Add a counter to record how many states have been created by a rule.

It shows up in pfctl verbose mode and in the 7th field of the labels output. Also remove the label printing for scrub rules, as they do not support labels. OK dhartmei@ (on an earlier version), henning@, mcbride@
author: mpf <mpf@openbsd.org> 2008-05-06 03:45:21 +0000
committer: mpf <mpf@openbsd.org> 2008-05-06 03:45:21 +0000
commit: 95959bd1d5f2c50d6f23d886b22dc2fa88f9223f (patch)
tree: da15c80c30eab73672c968c94e175e52874a7312
parent: Labels in the sockaddr are stored like on the wire so shift and byte swap (diff)

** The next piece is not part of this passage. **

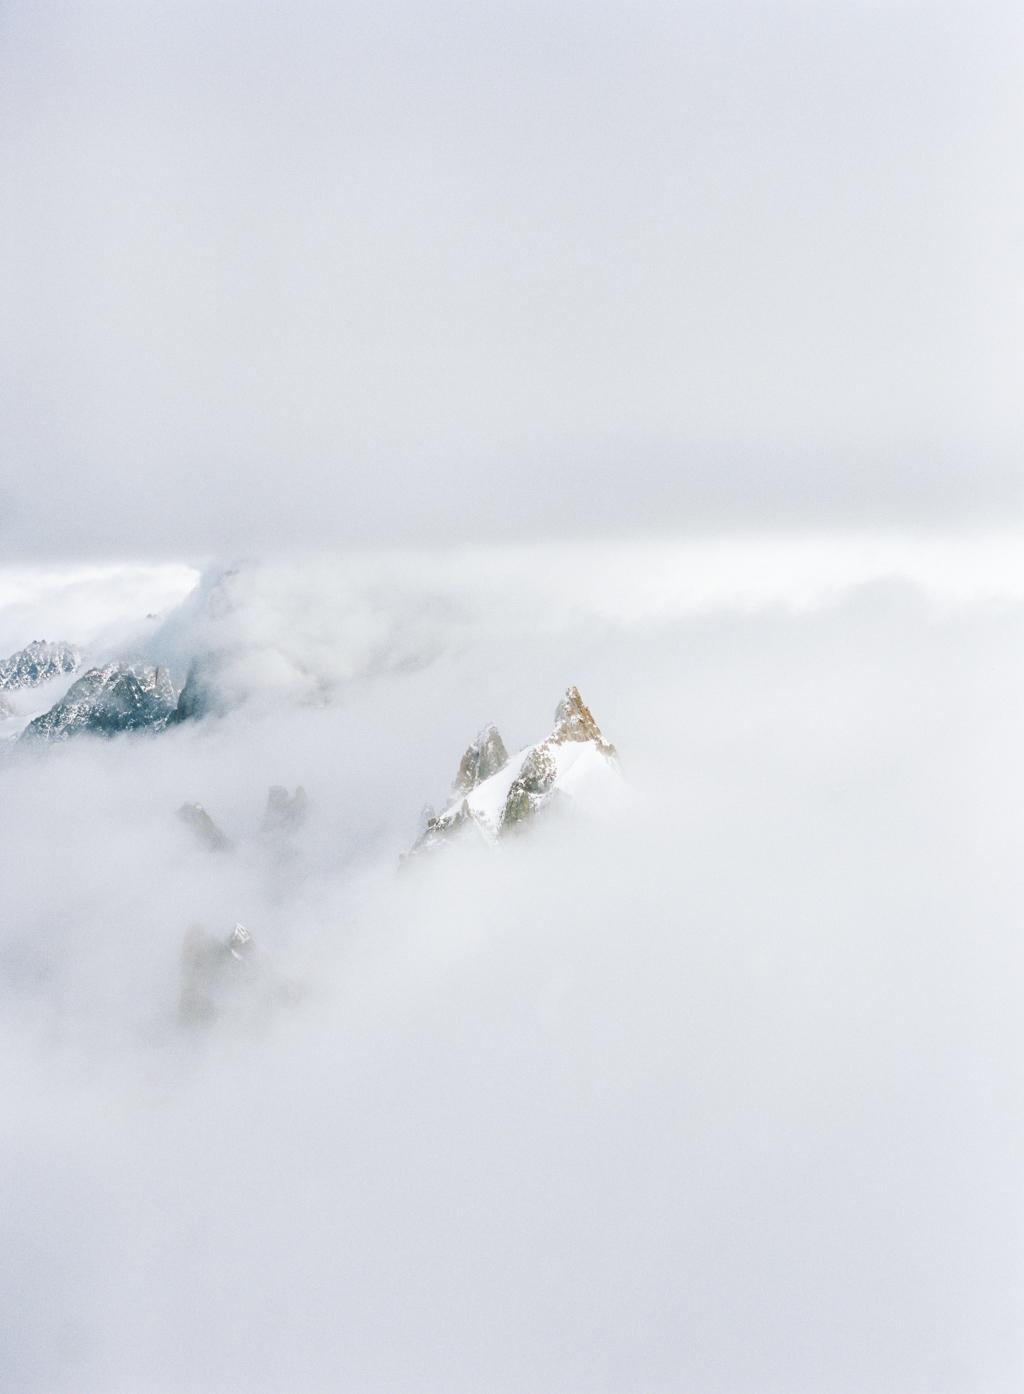 capyture-photographe-alsace-haut-rhin-27
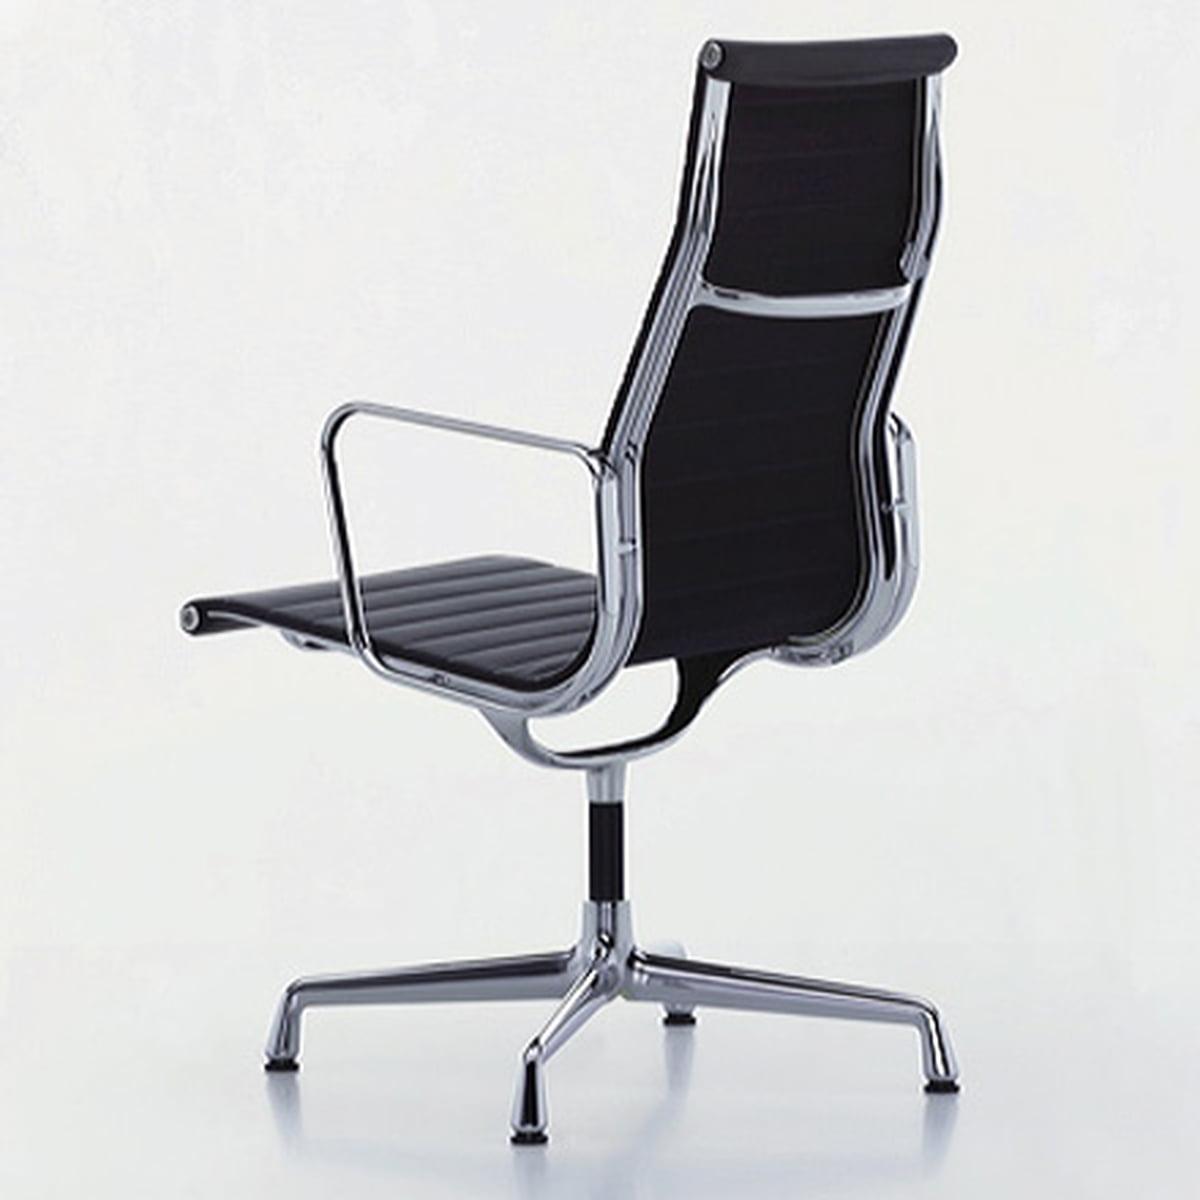 vitra aluminium group ea 116 chair. Black Bedroom Furniture Sets. Home Design Ideas

download: wireguard-openbsd-95959bd1d5f2c50d6f23d886b22dc2fa88f9223f.tar.xz
wireguard-openbsd-95959bd1d5f2c50d6f23d886b22dc2fa88f9223f.zip
6 files changed, 49 insertions, 49 deletions
diff --git a/sbin/pfctl/pfctl.c b/sbin/pfctl/pfctl.c
index 3829f2cb413..a9ba4e76b64 100644
--- a/sbin/pfctl/pfctl.c
+++ b/sbin/pfctl/pfctl.c
@@ -1,4 +1,4 @@
-/*	$OpenBSD: pfctl.c,v 1.273 2008/02/13 19:55:12 kettenis Exp $ */
+/*	$OpenBSD: pfctl.c,v 1.274 2008/05/06 03:45:21 mpf Exp $ */
 
 /*
  * Copyright (c) 2001 Daniel Hartmeier
@@ -734,10 +734,12 @@ pfctl_print_rule_counters(struct pf_rule *rule, int opts)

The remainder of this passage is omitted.